The Mortality group began the task of focusing in on the fine detail of mortality figures to see if there were any patterns. Or any indication of underlying problems.
As the coding manager began to take on new cases, the mortality rates being produced by this new “robust” data dropped steadily from high, to average, to well below the national average.
The hospital sought advice from the SHA and Birmingham university. Research was carried out into the Dr Foster Methodology.  (This has led in 2010 to changes in the way in which mortality is measured on a national basis.)  The Birmingham research did also spell out that the Hosptial should not rely exclusively on the coding, and should explore ant other areas of weakness which might account for the high figures. This feeds back to the work that the mortality group was undertaking.
The hospital took on board the advice from the university that the HSMR figures in themselves could not provide a reliable picture of the quality of service and advised on looking at other ways of measuring the quality of work including performance dashboards, which look at a wide range of indicators.
Through all this careful painstaking work there were problem areas being identified, and the hospital sought expert advice from the college of surgeons to produce a report on one specific area where concerns had been raised.
The Healthcare commission for reasons which have yet to be explored chose not to accept the line which was accepted by the Hospital, the PCT, the SHA, Birmingham university, and even we hear from the Dr Foster company, that “it was the coding” and they came in to carry out their investigation.

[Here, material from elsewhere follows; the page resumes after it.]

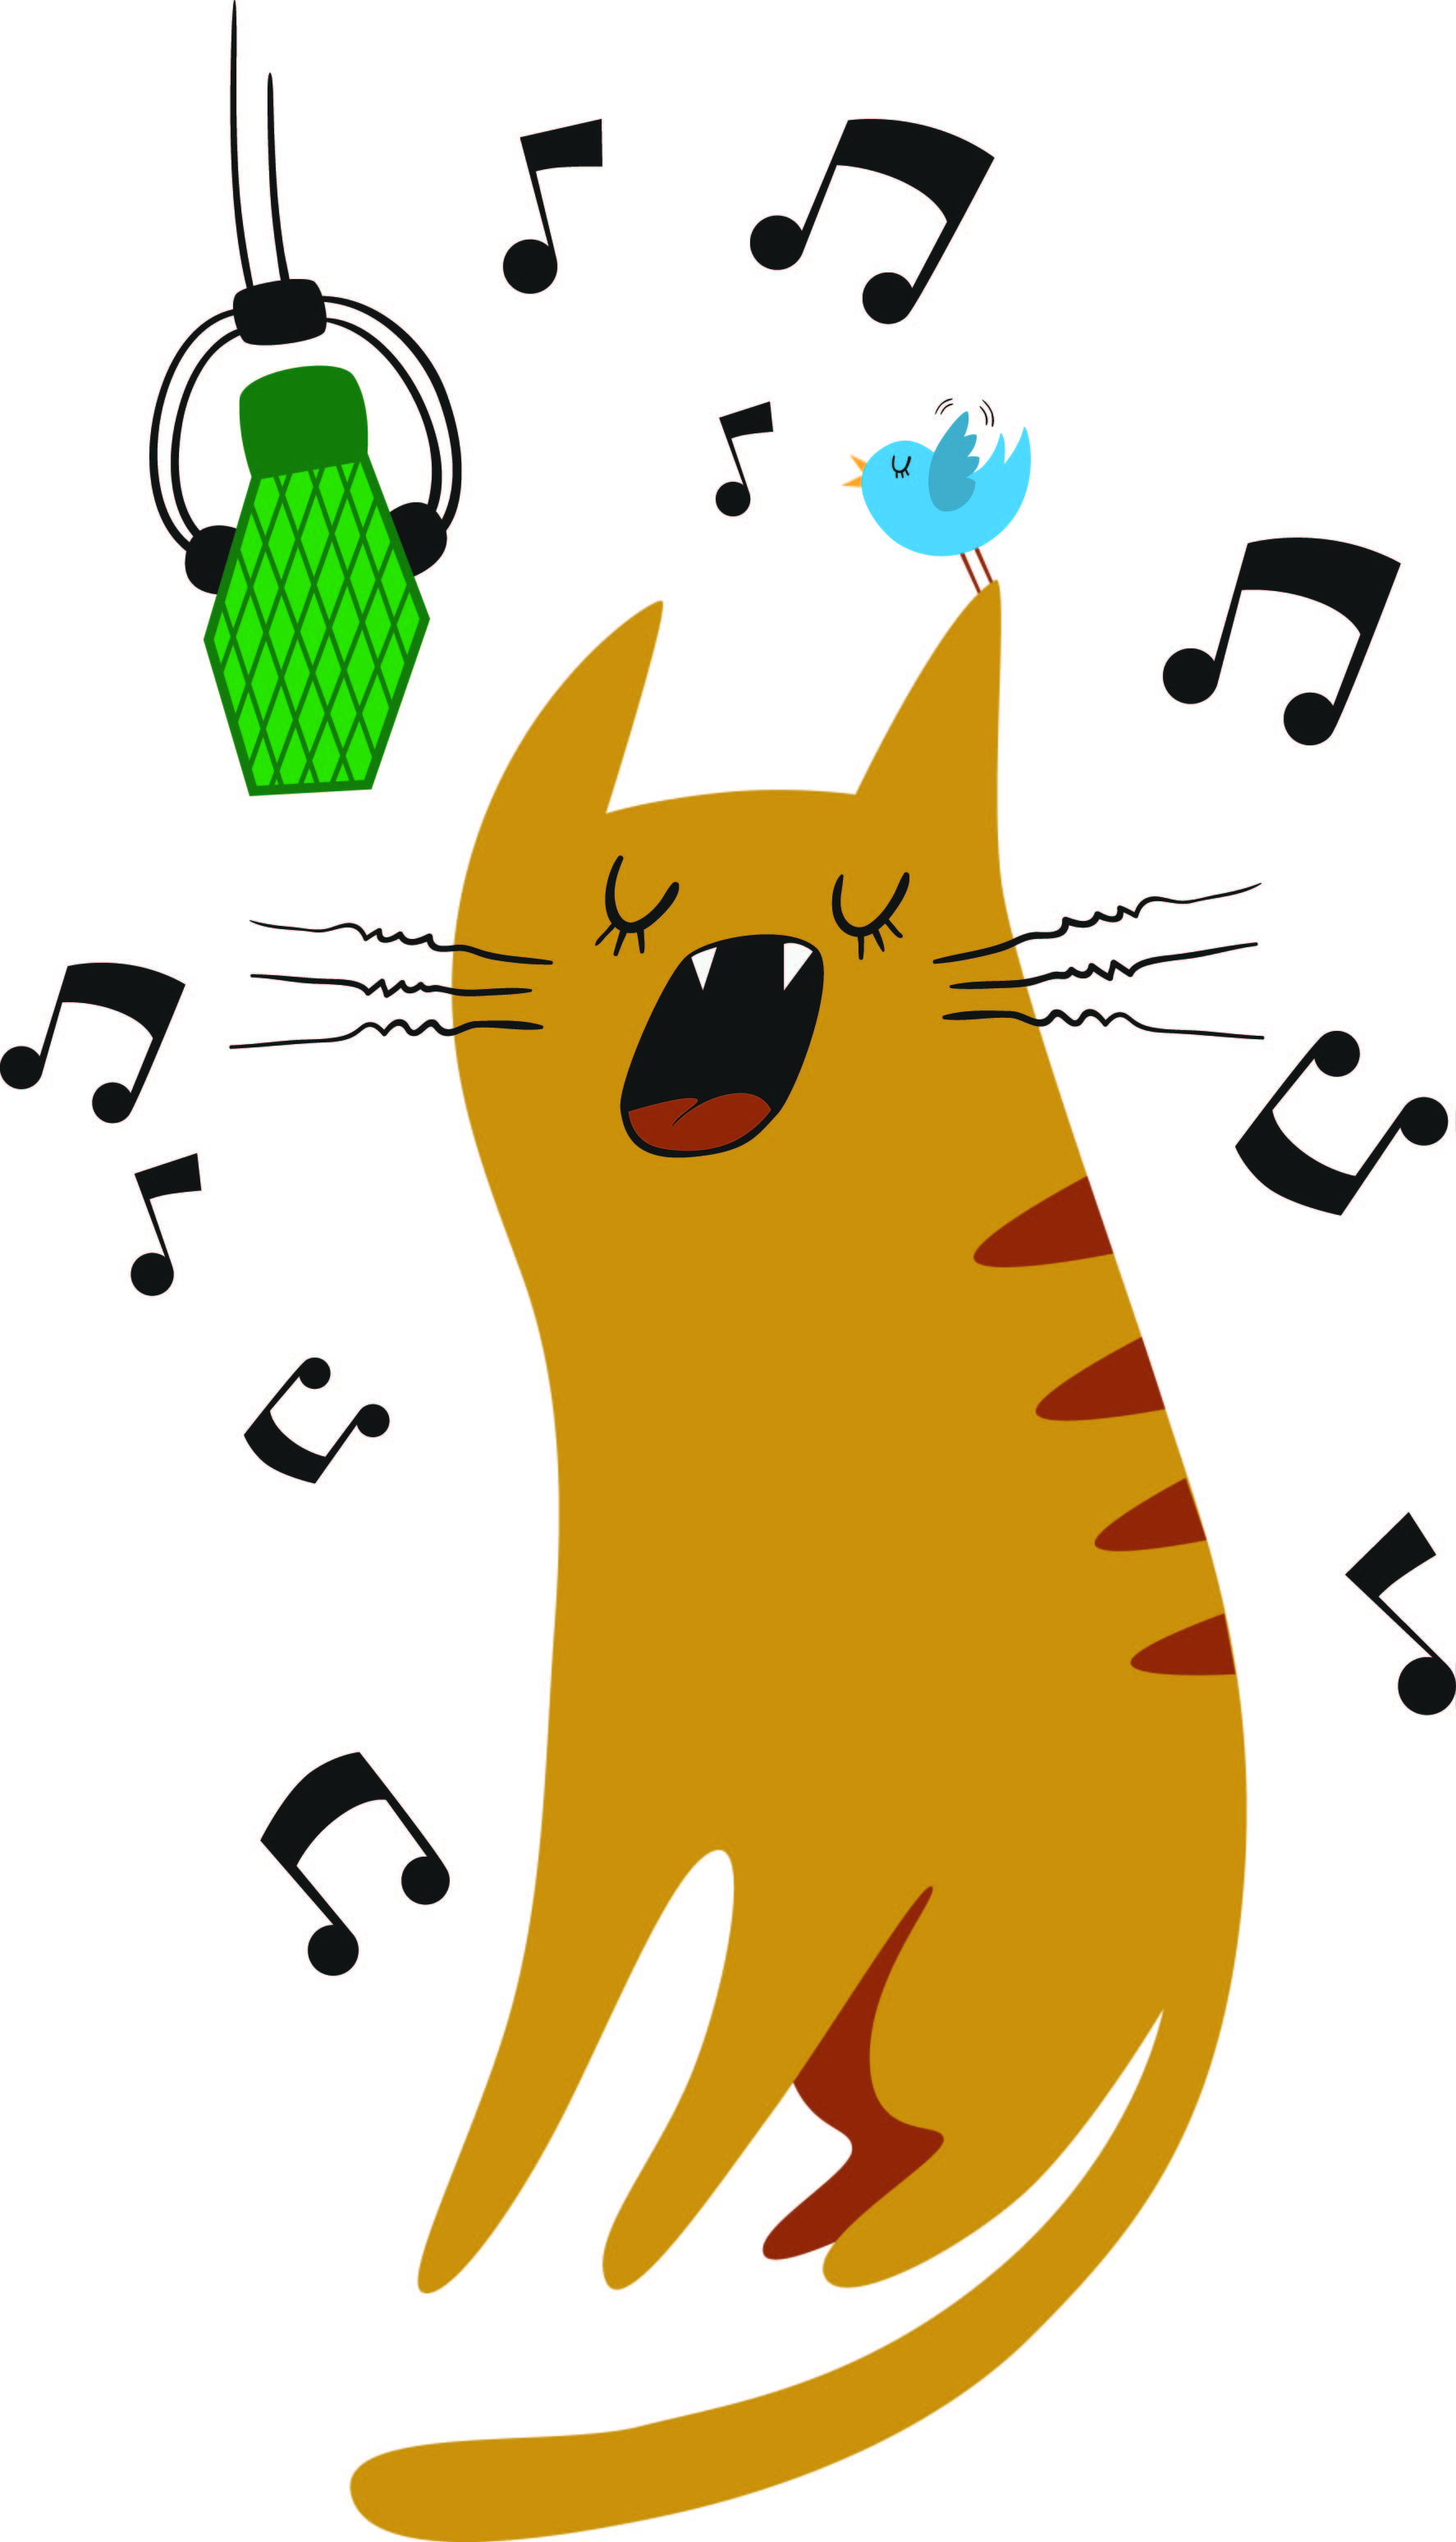 Cartoon image of cat and birding singing into mic, surrounded by music notes

The HCC did not share information with the hospital during this process, and because of that the hospital called in Price Waterhouse Cooper to give them advice on what they needed to do to improve matters.
Helen was asked about her reaction to the horror stories that are now so familiar to everyone through the press about poor care in the hospital. She like virtually all the people who have been asked this question expressed the shock she had felt. She also showed that there was nothing in her own experience of the hospital that prepared her for these stories.
She did carry out regular visits to wards all over the hospital as a key part of her job. She had staff expressing to her their frustration about staffing levels and staffing mix. She was actively working to satisfy this through the recruitment process, and through a staff mix review, that was put in place to help push for the extra funding that was needed to bring staffing up to the right levels. She did not in her frequent visits to the wards see anything in line with the stories told in the press, and she did not have nursing staff coming to her and saying that the staffing levels had reached the point where it was impossible for them to do their job.
The impression that I was left with at the end of this evidence was of a genuine caring and hardworking person, who had tried to do a difficult job under difficult circumstances, and was in the end defeated by a unique set of circumstances. This article shows the kind of pressure that she was under.
I would have liked the inquiry to invite her to say what she had felt about being on the receiving end of such pressure. I am sorry that they did not ask her this.
Helen gave the apology to the bereaved which is now a standard part of most people's evidence.